At the same time, they have eliminated the structure of the government in specific other fields: They have broken the legal and executive structures that allowed the civil Society of Afghanistan to express themselves and to speak about their rights. They have destroyed the judiciary system’s configuration, have limited access to information, and consider public gatherings a kind of danger and threat. They hold a security perspective on public gatherings and treat them harshly. They have unofficially dissolved political parties and have removed the legal structure of parties in the Ministry of Justice. They destroyed the parliament and removed the legislative branch, where people’s representatives used to gather and legislate on behalf of the public. The parliament was functioning as a monitoring body of the government’s actions which the Taliban destroyed. They have weakened the academic independence of universities. They want to indoctrinate their views through these institutions and make everyone the same as themselves.
Be careful that civil society will lose its breath when these legal and executive structures are broken. Civil society breathes in the context of these institutions and within the capacities hidden in these institutions. It is good to pay attention to this point very seriously.
Let me also say another point to complete my words: All we express as setbacks or challenges do not mean that there is no capacity left in the country or there is no capacity in society at all. The Taliban indeed has the will to control, assimilate and suppress, but this will is not always successful. Because first of all, the Taliban is not an absolute and undisputed power that can do whatever it wants in Afghanistan.

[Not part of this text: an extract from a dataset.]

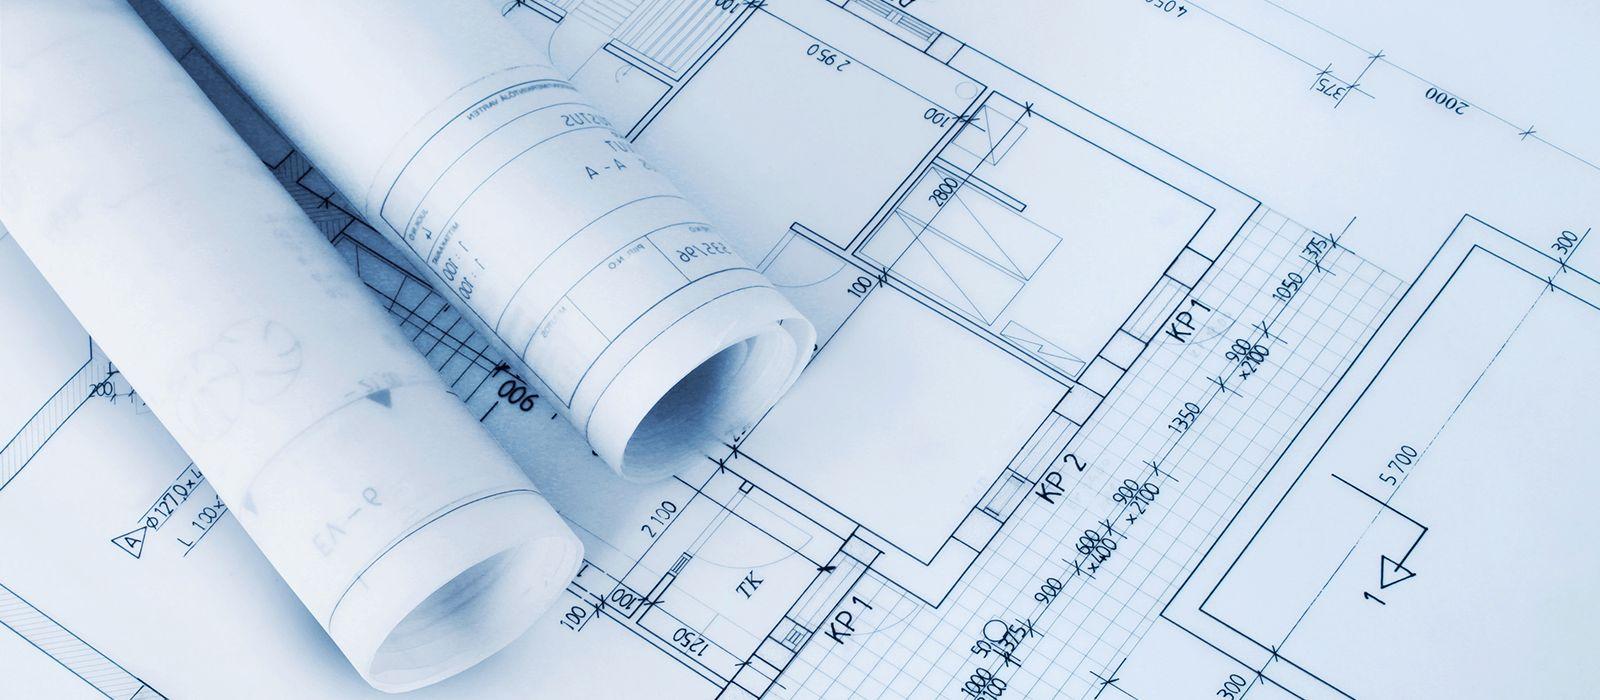 firma de proiectare-zalau flex instal banner

Because this group, anyway, has a series of international commitments. The minor responsibility it has to the international community and the minimum flexibility it shows towards the Afghanistan’s people is a capacity. It also creates accommodation for the civil society of Afghanistan. It gives them a chance to breathe and a chance to strengthen themselves. Afghanistan’s civil society should consider this an opportunity and use it for their improvement.
Another critical point is that we live in the age of digital. In the age of digital, no power can barrier access to information, neither teaching nor learning. These are the capacities that we can use. Another point is that the people of Afghanistan are engaged people of the world. They are global citizens. I think a famous American thinker has said that the people of Afghanistan are the people of the world. It is a people who live in the world. Many among them are aware of the world situation. According to this thinker, Afghans’ relationships and interactions with the world are more than American citizens. According to statistics, the average of travel, communication, and contact of Afghan people with the world is much larger than that of American citizens. These all create capacities that can be relied upon to overcome challenges.